Signs and Symptoms of Menopause
You may be transitioning into menopause if you begin experiencing some or all of the following symptoms:
- Hot flashes, also known as vasomotor symptoms (a sudden feeling of warmth that spreads over your body).
- Night sweats and/or cold flashes.
- Vaginal dryness that causes discomfort during sex.
- Urinary urgency (a pressing need to pee more frequently).
- Difficulty sleeping (insomnia).
- Emotional changes (irritability, mood swings, or mild depression).

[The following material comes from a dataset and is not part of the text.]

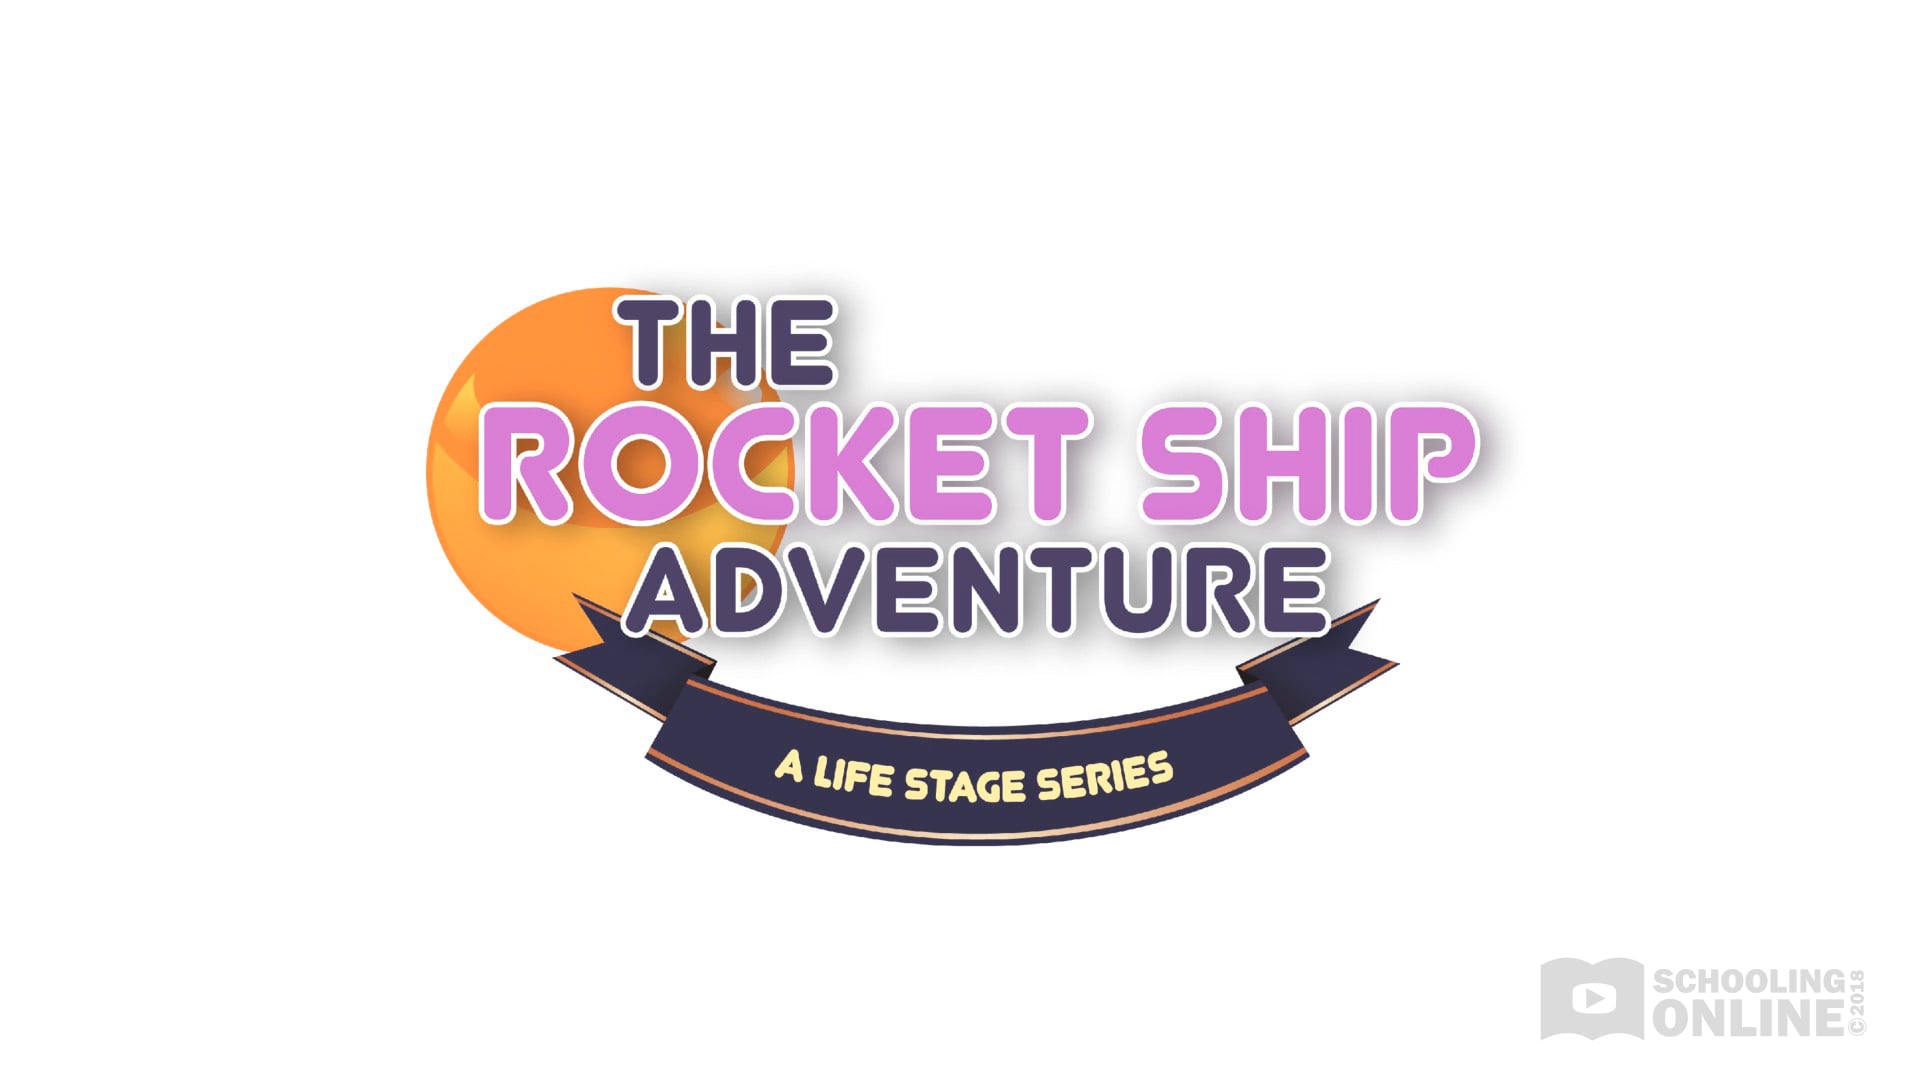 The Rocket Ship Adventure - The Life Stage Series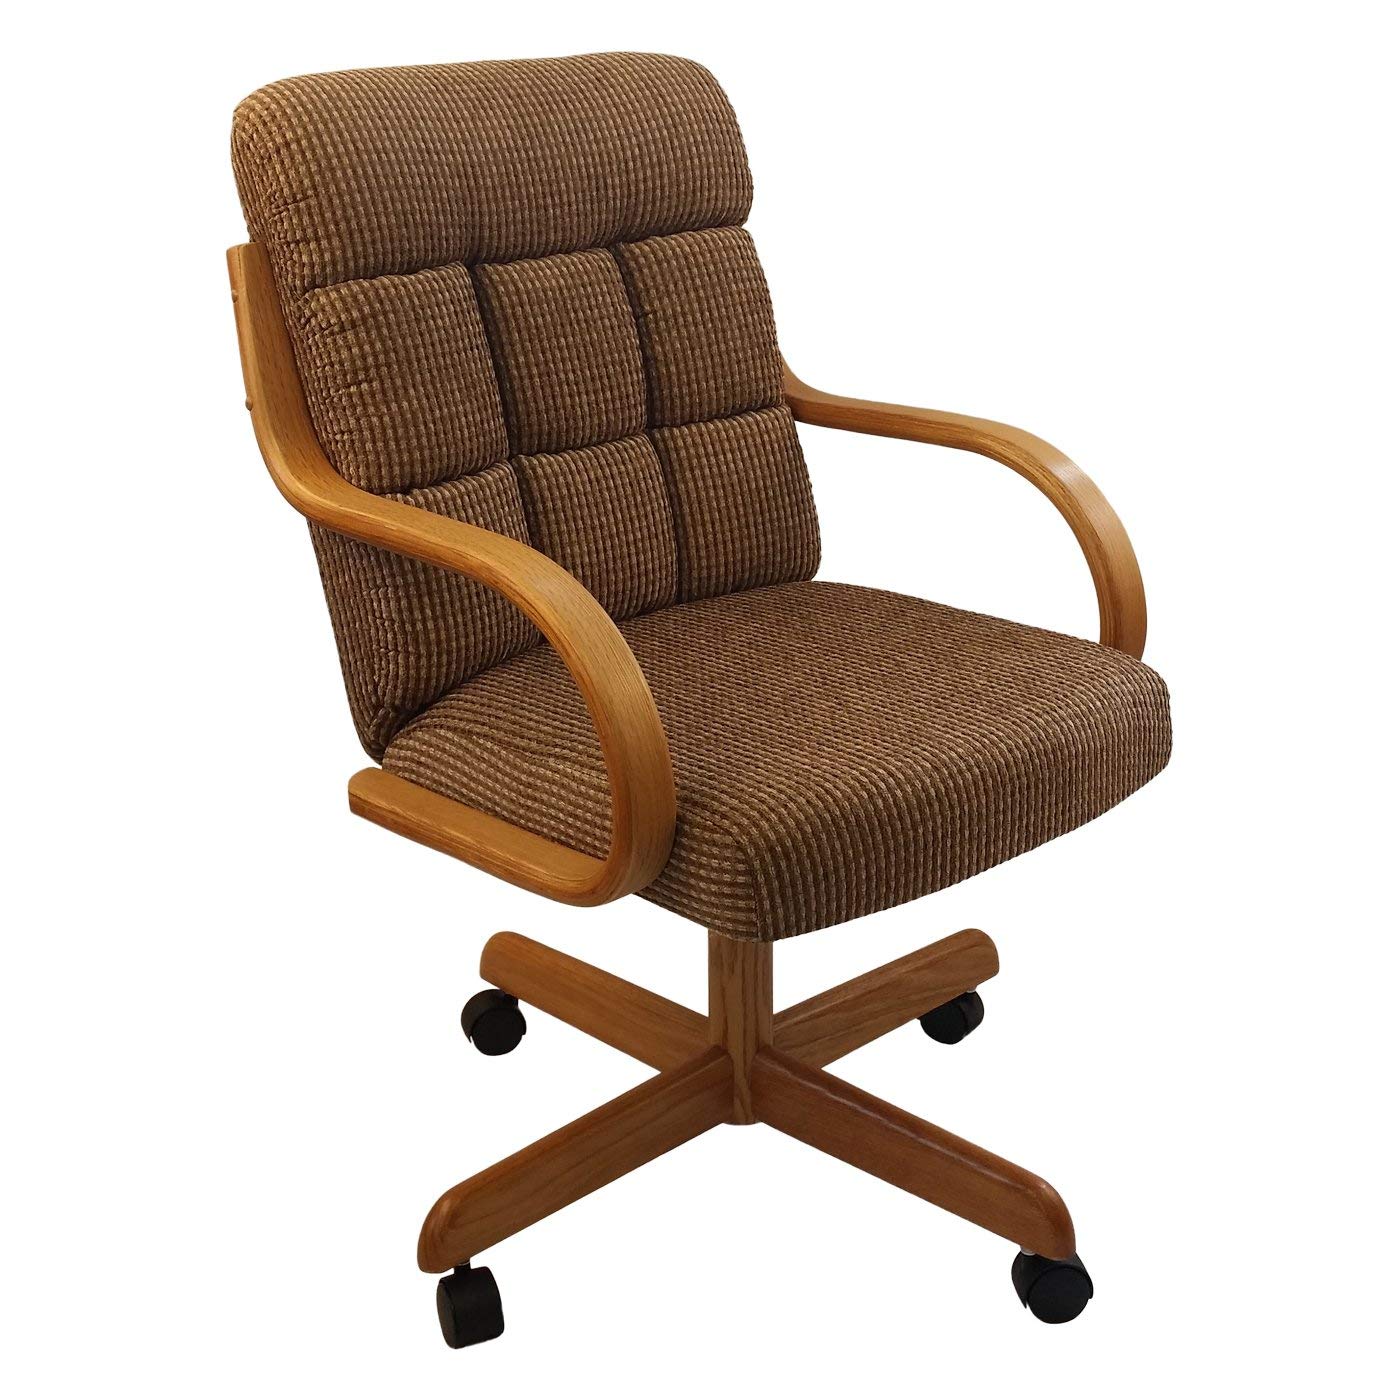 Caster Chair Company Casual Rolling Caster Dining Chair with Swivel Tilt in Honey Oak Wood with Caramel Fabric Seat and Back (1

- Dry skin, dry eyes, or dry mouth.
- Breast tenderness.
- Worsening of premenstrual syndrome (PMS).
- Irregular periods or periods that are heavier or lighter than usual.
Some people might also experience:
- Racing heart (heart palpitations).
- Headaches.
- Joint and muscle aches and pains.
- Changes in libido (sex drive).
- Difficulty concentrating or memory lapses (often temporary).
- Weight gain.
- Hair loss or thinning.
Changes in your hormone levels cause these symptoms. Some people may have intense symptoms of menopause, while others have mild symptoms. Not everyone will have the same symptoms as they transition to menopause. Contact a healthcare provider if you’re unsure if your symptoms are related to menopause or another health condition.
14 Signs that Menopause is Coming to an End
While the symptoms experienced during the menopause transition can be challenging, most women find that they begin to lessen or even disappear as they enter the postmenopausal stage. Here are 14 signs that suggest the end of menopause is approaching.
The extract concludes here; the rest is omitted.